6. USE ELECTRONIC REFUND OPTIONS: One way to speed up an expected refund and reduce the chance of theft is to have the refund amount deposited directly to the taxpayer's bank account by the IRS. The tax instruction booklet gives details on entering the financial institution's routing numbers and the taxpayer's account numbers on the tax return. Make sure the numbers entered on the form are correct.

For checking on the status of a refund, a new option this year is "Where's My Refund," an Internet-based service available on IRS.gov. Simple online instructions guide taxpayers through a process that checks the status of their refund after they provide identifying information shown on their tax return. The results also include links to customized information that is based on the taxpayer's specific situation. The links guide taxpayers through the next steps needed to resolve any issues that may be affecting their refund.

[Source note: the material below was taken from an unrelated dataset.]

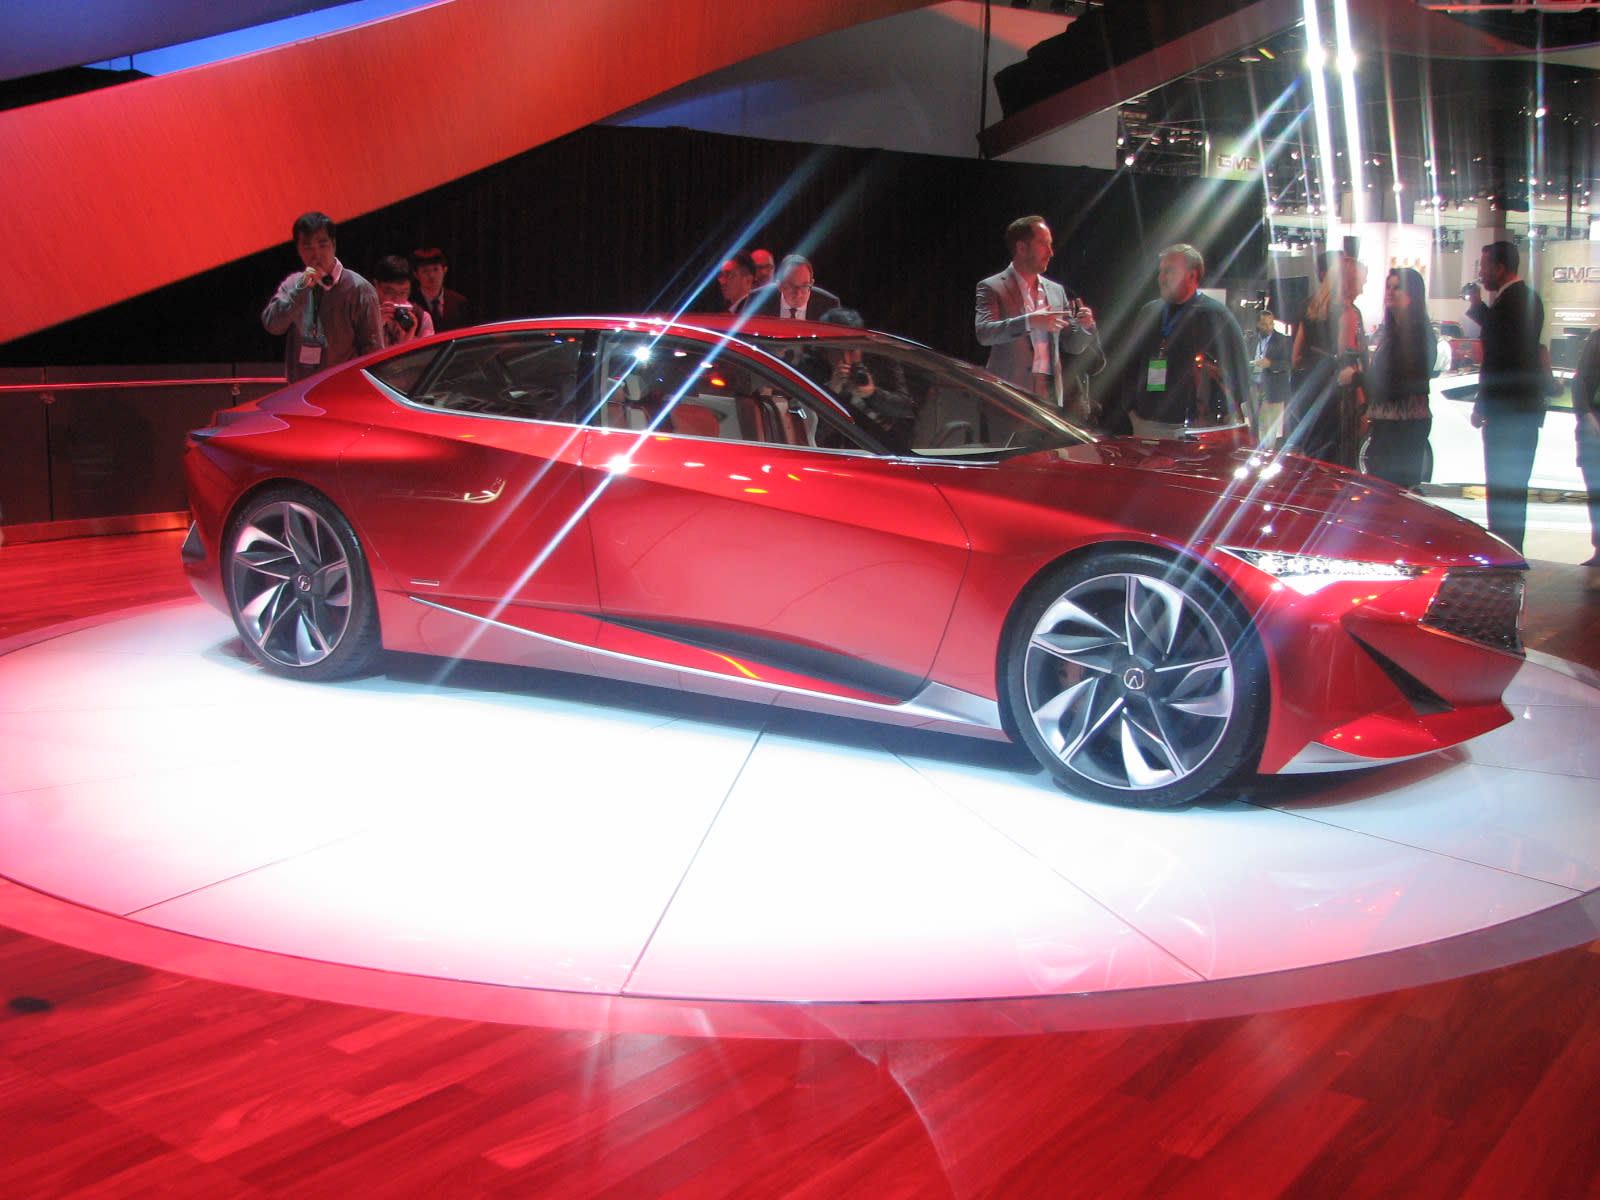 The most amazing cars we saw at the 2016 Detroit Auto Show

7. FILE ELECTRONICALLY: About 47 million taxpayers filed their returns electronically in 2002. Aside from ease of filing, IRS e-file is the fastest and most accurate way to file a tax return. For those due a refund, the wait time for e-filers is half that of paper filers. This year, the IRS Web site, IRS.gov, is hosting a link to the Free File page, a free tax preparation and electronic filing program for eligible taxpayers.

8. DOUBLE-CHECK MATH AND DATA ENTRIES: Taxpayers should review their return for possible math errors and make sure the names and Social Security or other identification numbers for themselves, their spouse and dependents are correct and legible.

9. DON'T PANIC IF IMMEDIATE PAYENT IS NOT AN OPTION: For those who can't immediately pay the taxes due, consider some stress-reducing alternatives. A taxpayer can apply for an IRS installment agreement, suggesting their own monthly payment amount and due dates, and getting a reduced late payment penalty rate. Taxpayers also have various options for charging their balance due on a credit card, either as part of an electronic return or via a phone call to a processing agent. Official Payments Corporation may be reached at (800) 2PAY-TAX (272-9829) or at www.officialpayments.com. The Link2Gov Corporation may be reached at (888) PAY-1040 (729-1040) or at www.pay1040.com. There is no IRS fee for credit card payments, but the processor charges a convenience fee. Electronic filers with a balance due can file early and authorize the government's financial agent to take the money directly from their checking or savings account on the due date.

Taxpayers who file their tax return or a request for an extension on time, even if they can't pay, avoid potential late filing penalties.

10. REQUEST AN EXTENSION OF TIME TO FILE: If the clock runs out, taxpayers can get an automatic four-month extension of time to file, to Aug. 15. An extension of time to file is not an extension of time to pay, however. Taxpayers may call (888) 796-1074, e-file a Form 4868 that is included in most tax preparation software, or send a paper Form 4868 to the IRS. Those who request the extension by computer or phone will need their adjusted gross income and total tax amounts from their 2001 tax return. Taxpayers who charge their expected balance on a credit card don't have to file the form. Contact Official Payments Corporation or Link2Gov Corporation. There is no IRS fee for credit card payments, but the processors charge a convenience fee.

The extension itself does not give a taxpayer more time to pay any taxes due. The taxpayer will owe interest on any amount not paid by the April deadline, plus a late payment penalty if at least 90 percent of the total tax due has not been paid by April 15.

Judy Monahan is a spokesperson for the IRS.